Sebagai bagian dari strateginya, Aftech akan memperkuat peran Dewan Etik, meningkatkan penerapan Kode Etik, serta menerapkan sistem Self-Assessment bagi para anggotanya. Langkah ini bertujuan untuk menciptakan industri yang lebih transparan dan akuntabel.
Peningkatan Keamanan dan Perlindungan Konsumen
Salah satu fokus utama Aftech adalah memastikan keamanan dan perlindungan data pribadi pengguna fintech. Dengan semakin meningkatnya jumlah layanan keuangan berbasis digital, risiko fraud dan pelanggaran data juga semakin besar.
Pandu menegaskan bahwa Aftech akan bekerja sama dengan regulator, termasuk Otoritas Jasa Keuangan (OJK), untuk memperkuat regulasi dan perlindungan konsumen.
“Kami akan berkolaborasi dengan berbagai pihak untuk menciptakan keseimbangan antara keleluasaan inovasi dan kontrol yang ketat. Hal ini penting demi meningkatkan kepercayaan masyarakat terhadap layanan fintech,” tambahnya.
Peran Privy dalam Digitalisasi Keuangan
Dalam kepengurusan baru ini, Pandu menunjuk CEO Privy, Marshall Pribadi, sebagai Wakil Ketua Umum Aftech. Selain itu, CIO Privy, Krishna Chandra, juga bergabung sebagai Anggota Dewan Etik.
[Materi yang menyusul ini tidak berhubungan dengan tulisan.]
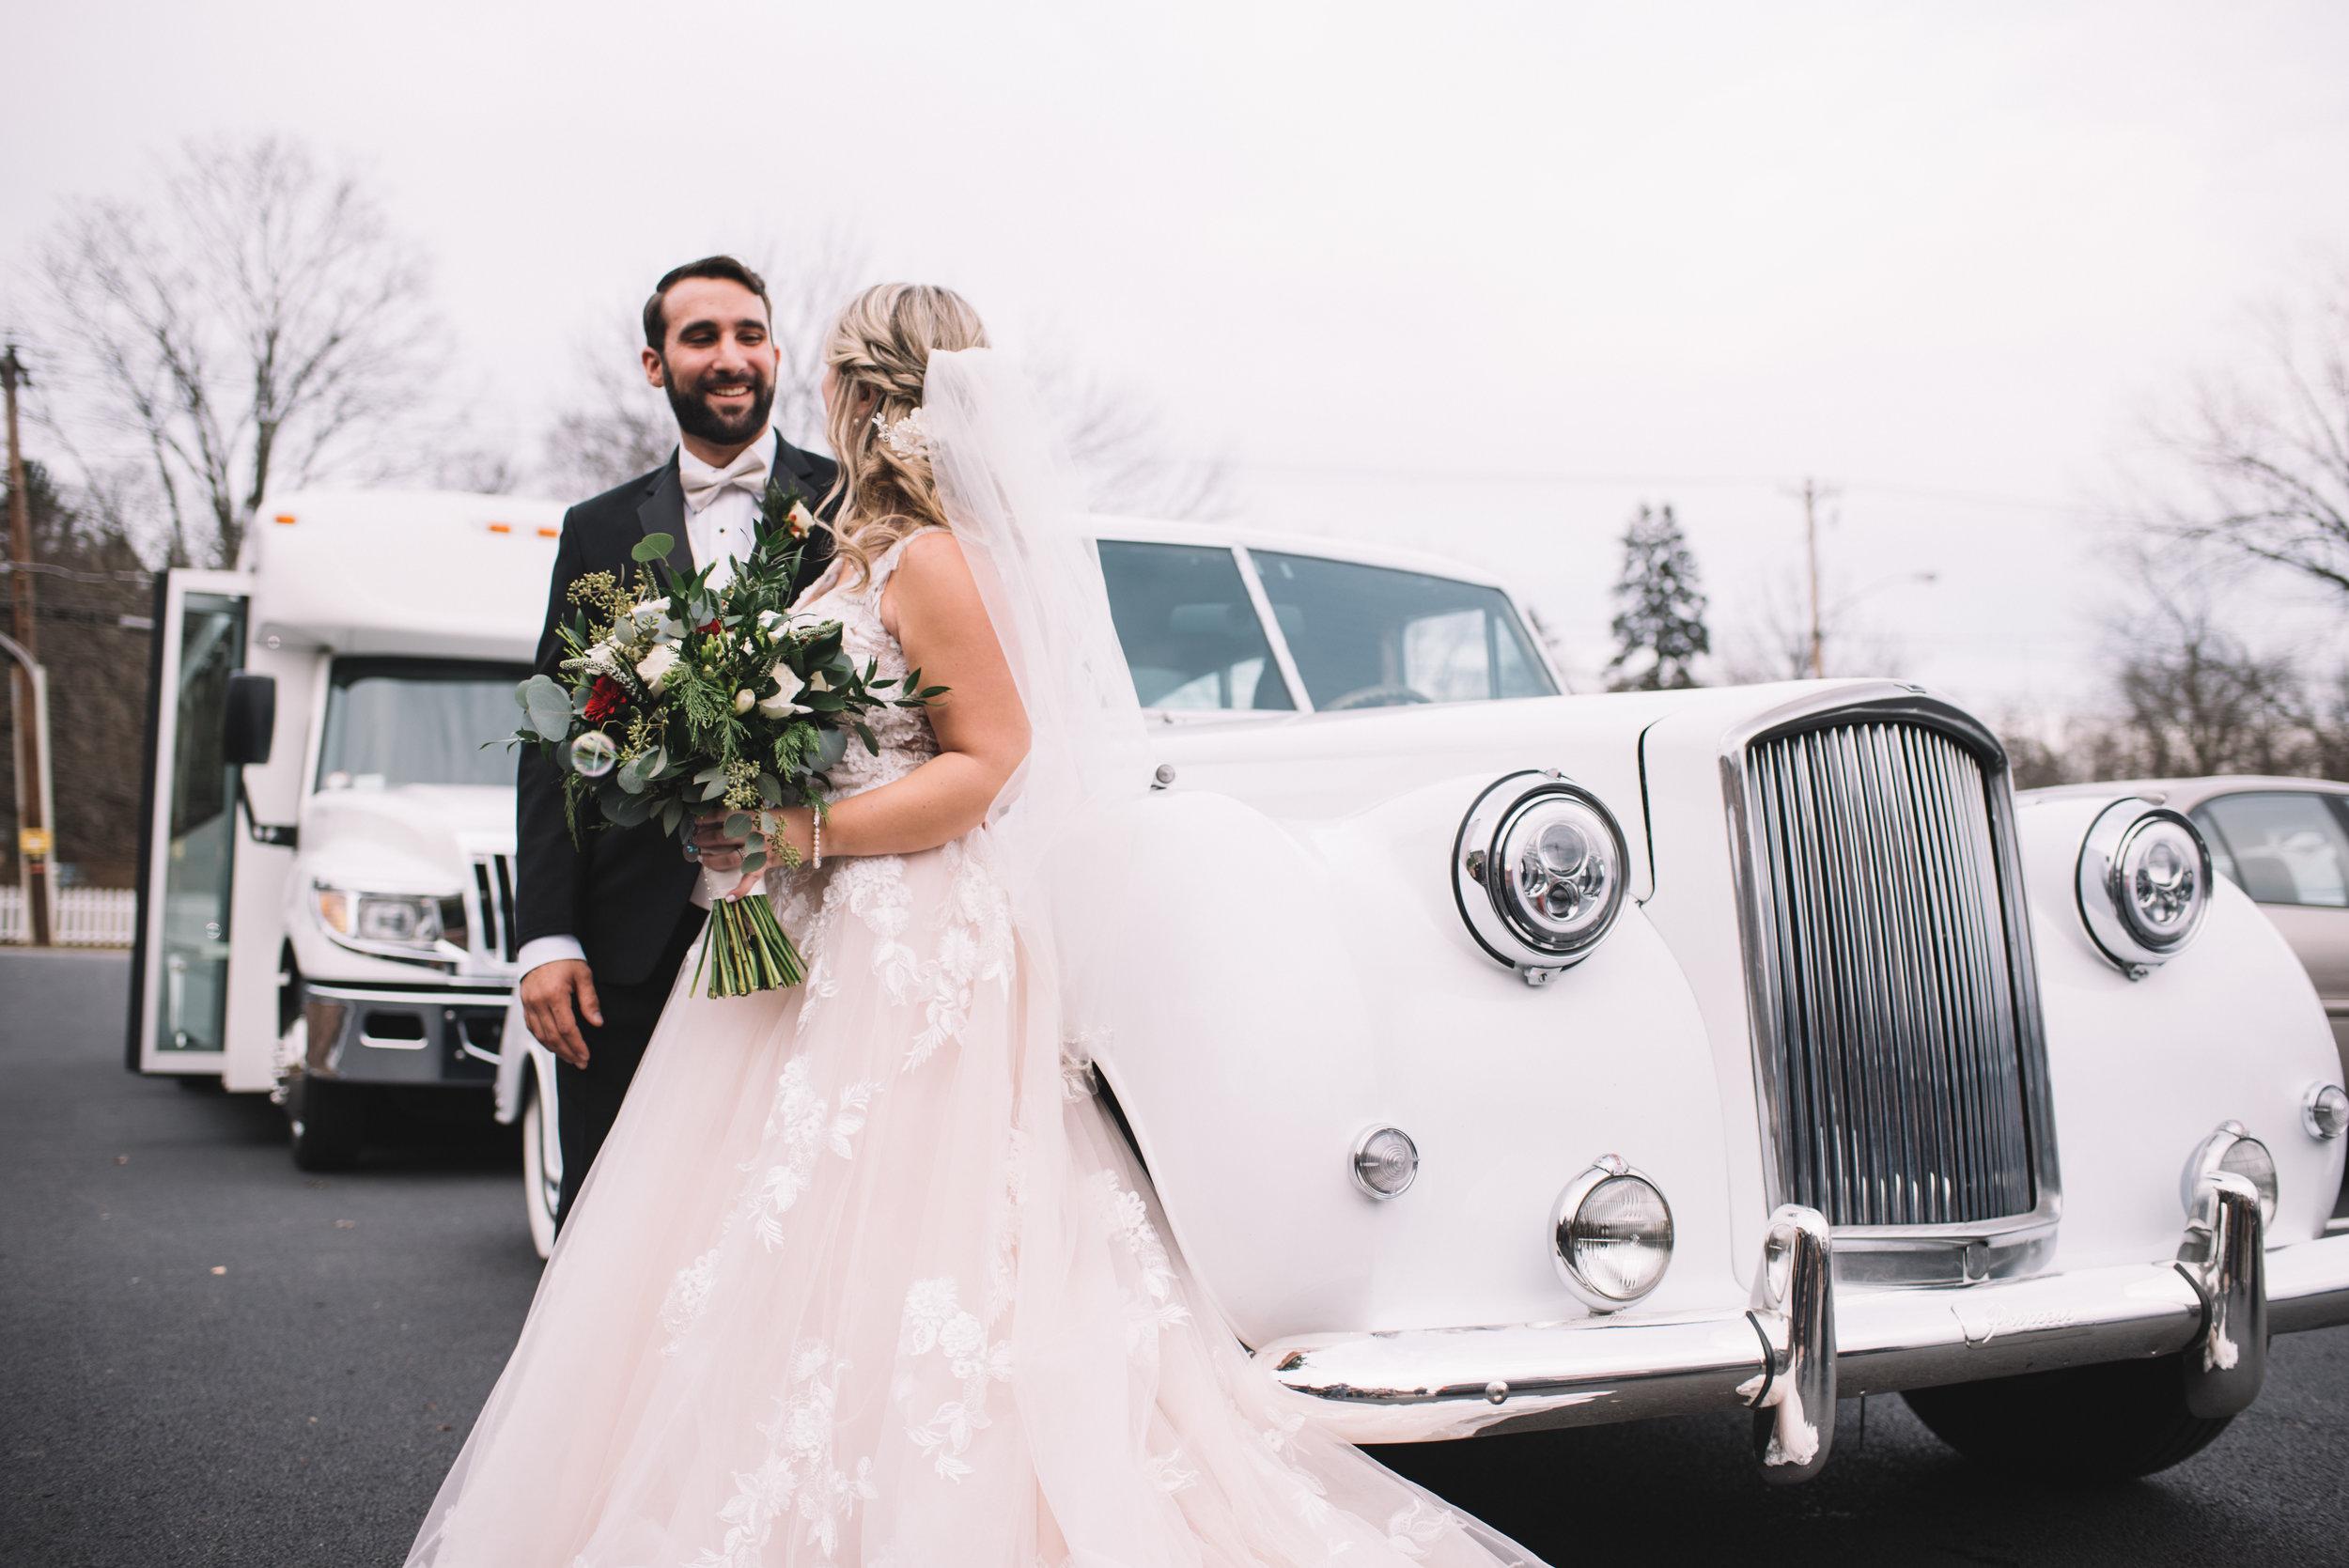 WeddingPhotos | NJPhotographer | Highlights-11-25.jpg

Marshall menegaskan pentingnya penerapan tanda tangan digital dan identitas digital dalam aktivitas fintech di Indonesia.
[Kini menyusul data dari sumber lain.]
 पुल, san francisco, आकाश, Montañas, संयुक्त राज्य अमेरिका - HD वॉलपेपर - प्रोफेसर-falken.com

“Privy berkomitmen untuk memperluas adopsi tanda tangan digital guna meningkatkan kepercayaan dan keamanan di ekosistem fintech,” ujarnya.
Sebagai Wakil Ketua Umum Aftech, Marshall juga menyoroti maraknya kasus fraud sebagai tantangan utama yang harus diatasi oleh industri fintech.
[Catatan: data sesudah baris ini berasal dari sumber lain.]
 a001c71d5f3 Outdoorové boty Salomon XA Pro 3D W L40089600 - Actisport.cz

“Tugas kami adalah mengembalikan kepercayaan konsumen dan regulator terhadap fintech. Untuk itu, kami akan menerapkan praktik tata kelola yang baik, memperkuat standar etika, serta menegakkan Kode Etik dalam asosiasi,” tegasnya.
Langkah Aftech Menuju Ekosistem Fintech Berkelanjutan
Dengan berbagai inisiatif yang dirancang, Aftech optimistis dapat menciptakan ekosistem fintech yang lebih inovatif, inklusif, dan aman bagi seluruh pemangku kepentingan.
Kepemimpinan Pandu Sjahrir bersama timnya diharapkan mampu menjawab tantangan industri keuangan digital yang semakin dinamis, sekaligus membawa fintech Indonesia ke tingkat yang lebih kompetitif di pasar global.